Item 8.01. Other Events
First Community Bancorp has filed herewith as Exhibit 99.2 to this Form 8-K unaudited pro forma combined condensed financial information with respect to the completed acquisitions of First American Bank, Pacific Liberty Bank and Cedars Bank, as well as with respect to the pending acquisition of Foothill Independent Bancorp. First Community has also filed herewith the financial statements of Foothill Independent Bancorp, as of and for the year ended December 31, 2004 as Exhibit 99.3; the unaudited financial statements of Foothill as of and for the quarter ended March 31, 2005 as Exhibit 99.4; the unaudited financial statements of Foothill as of and for the quarter and six months ended June 30, 2005 as Exhibit 99.5; and the unaudited financial statements of Foothill as of and for the quarter and nine months ended September 30, 2005 as Exhibit 99.6.
The unaudited pro forma combined condensed financial information filed herewith includes adjustments to record the assets acquired and liabilities assumed at their fair values. Such adjustments are subject to change as additional information becomes available and the Foothill acquisition is consummated. The unaudited pro forma combined condensed financial information is presented for illustrative purposes only, and does not indicate either the operating results that would have occurred had all the acquisitions been consummated on January 1, 2004, or on September 30, 2005, as the case may be, or future results of operations or financial condition. The unaudited pro forma combined condensed financial information is based upon assumptions and adjustments that we believe are reasonable. The unaudited pro forma combined condensed financial information and the accompanying notes should be read in conjunction with our historical financial statements contained in our Annual Report on Form 10-K for the year ended December 31, 2004, and our Quarterly Reports on Form 10-Q for the quarters ended March 31, 2005, June 30, 2005, and September 30, 2005, respectively, and the historical financial statements of Foothill Independent Bancorp, including the notes thereto, for the year ended December 31, 2004, and for the quarters ended March 31, 2005, June 30, 2005 and September 30, 2005, and incorporated by reference hereto as Exhibits 99.3, 99.4, 99.5 and 99.6 to this Current Report on Form 8-K.

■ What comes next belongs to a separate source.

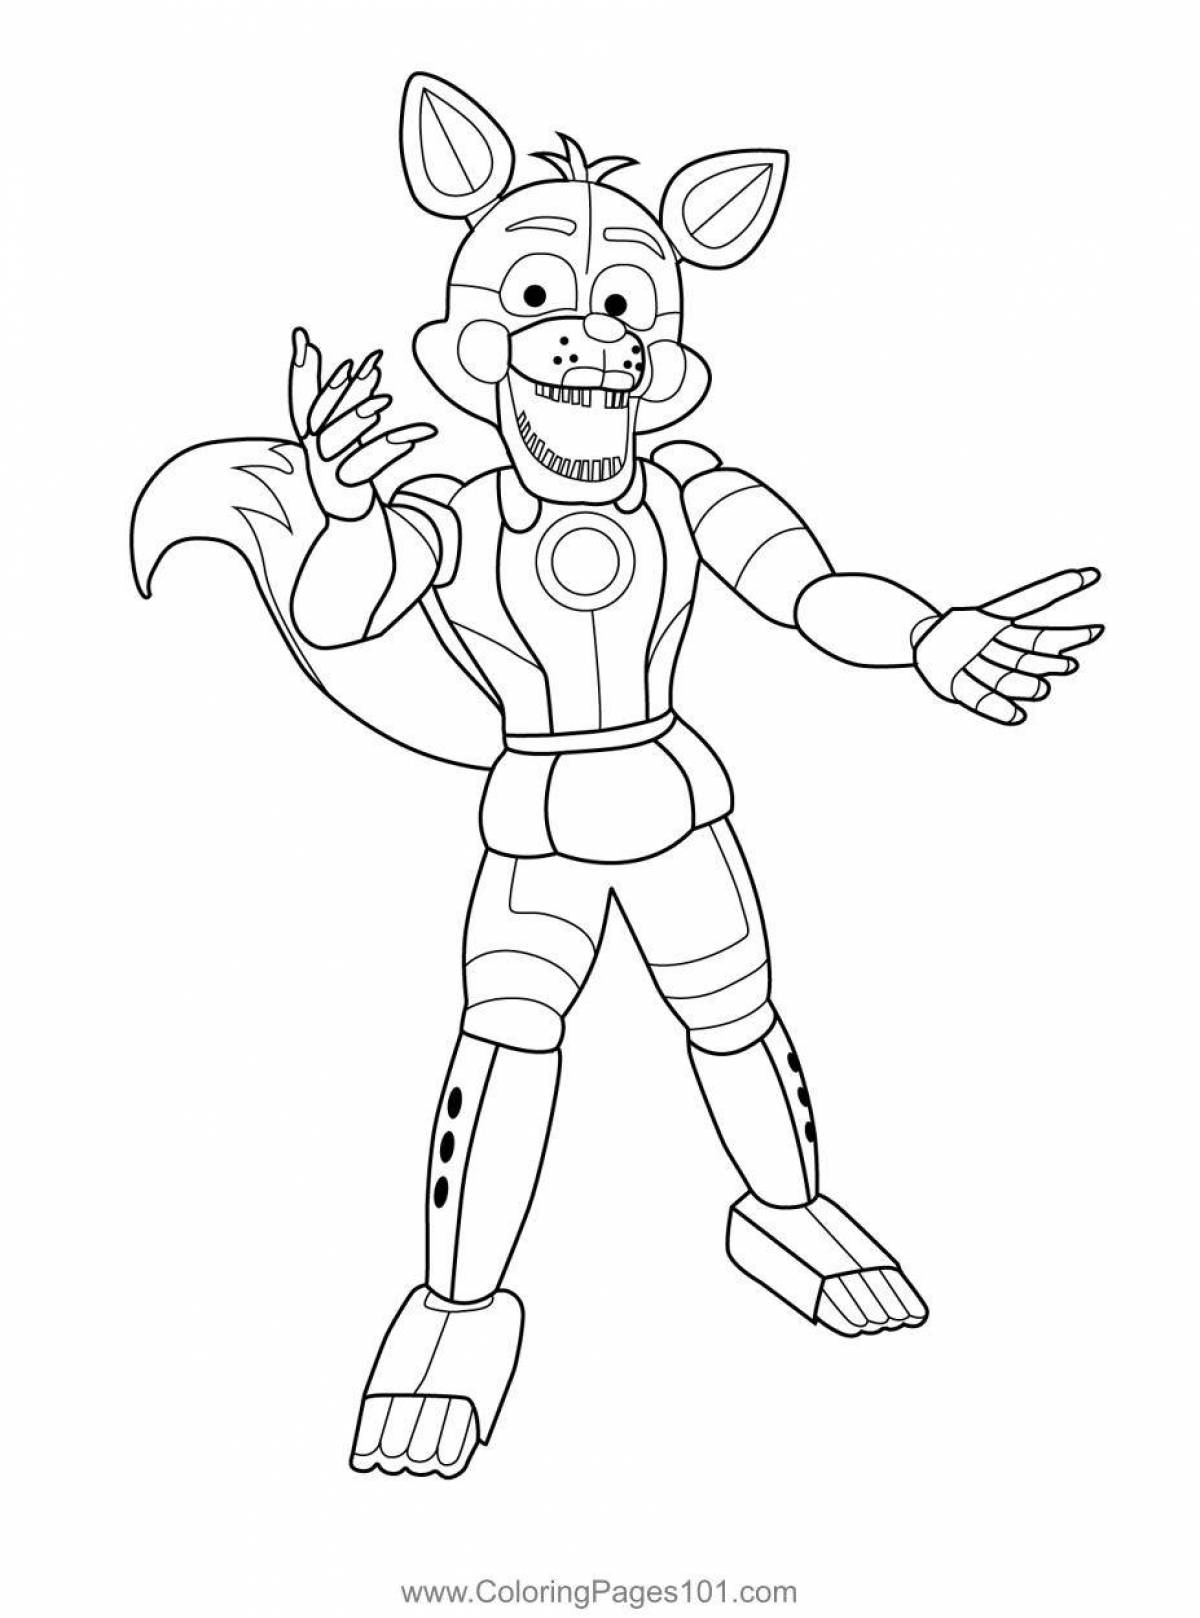 Intriguing freddy robot coloring page
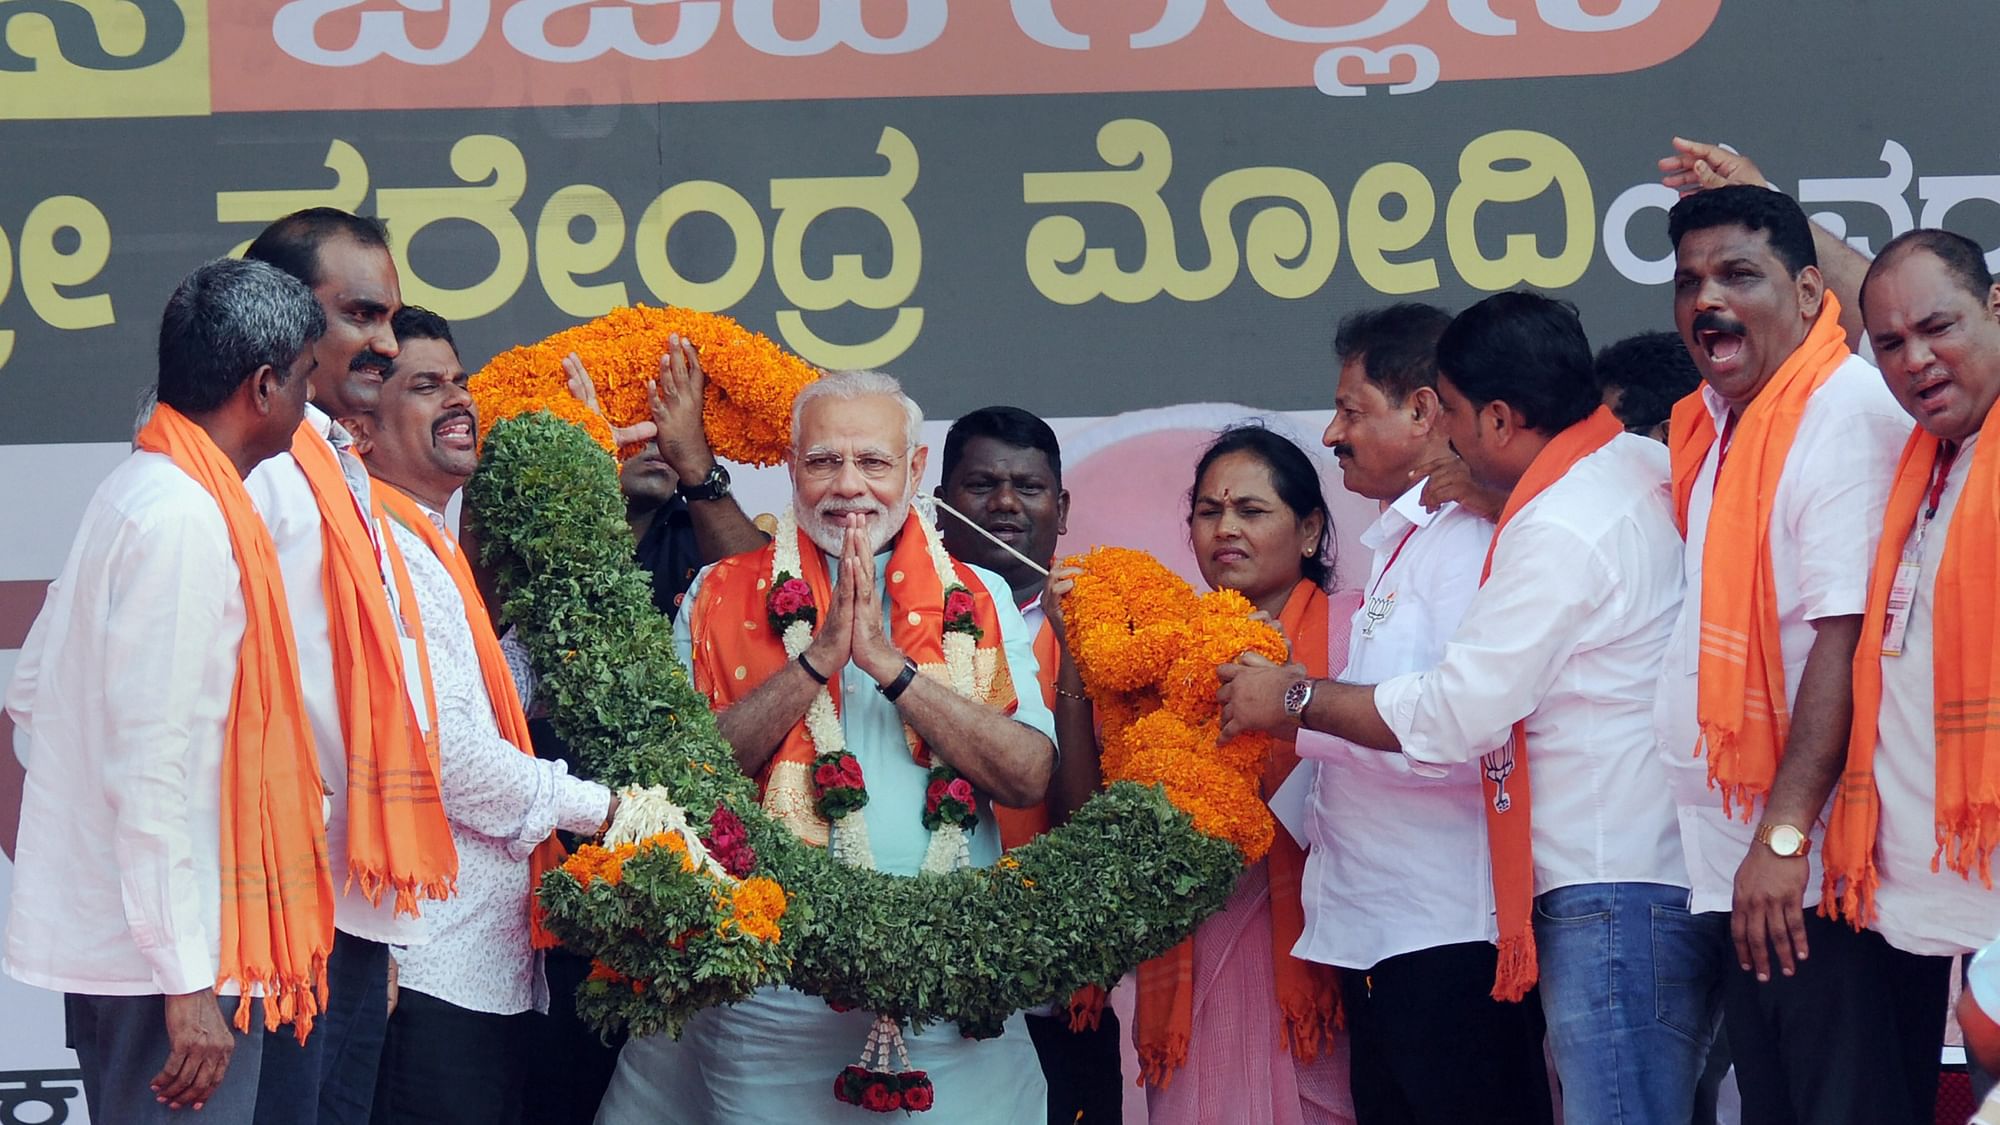 File photo of Prime Minister Narendra Modi being garlanded by BJP workers during Karnataka election rally.

Item 9.01 Financial Statements and Exhibits.
*The identified information is being furnished under Item 2.02 and Item 9.01 of this Current Report on Form 8-K and such information, including the exhibit, shall not be deemed filed for purposes of Section 18 of the Securities Exchange Act of 1934, as amended, or otherwise subject to the liabilities under that Section, nor shall it be deemed incorporated by reference in any registration statement or other filings of First Community Bancorp under the Securities Act of 1933, as amended, except as shall be set forth by specific reference in such filing.
Pursuant to the requirements of the Securities Exchange Act of 1934, the registrant has duly caused this report to be signed on its behalf by the undersigned hereunto duly authorized.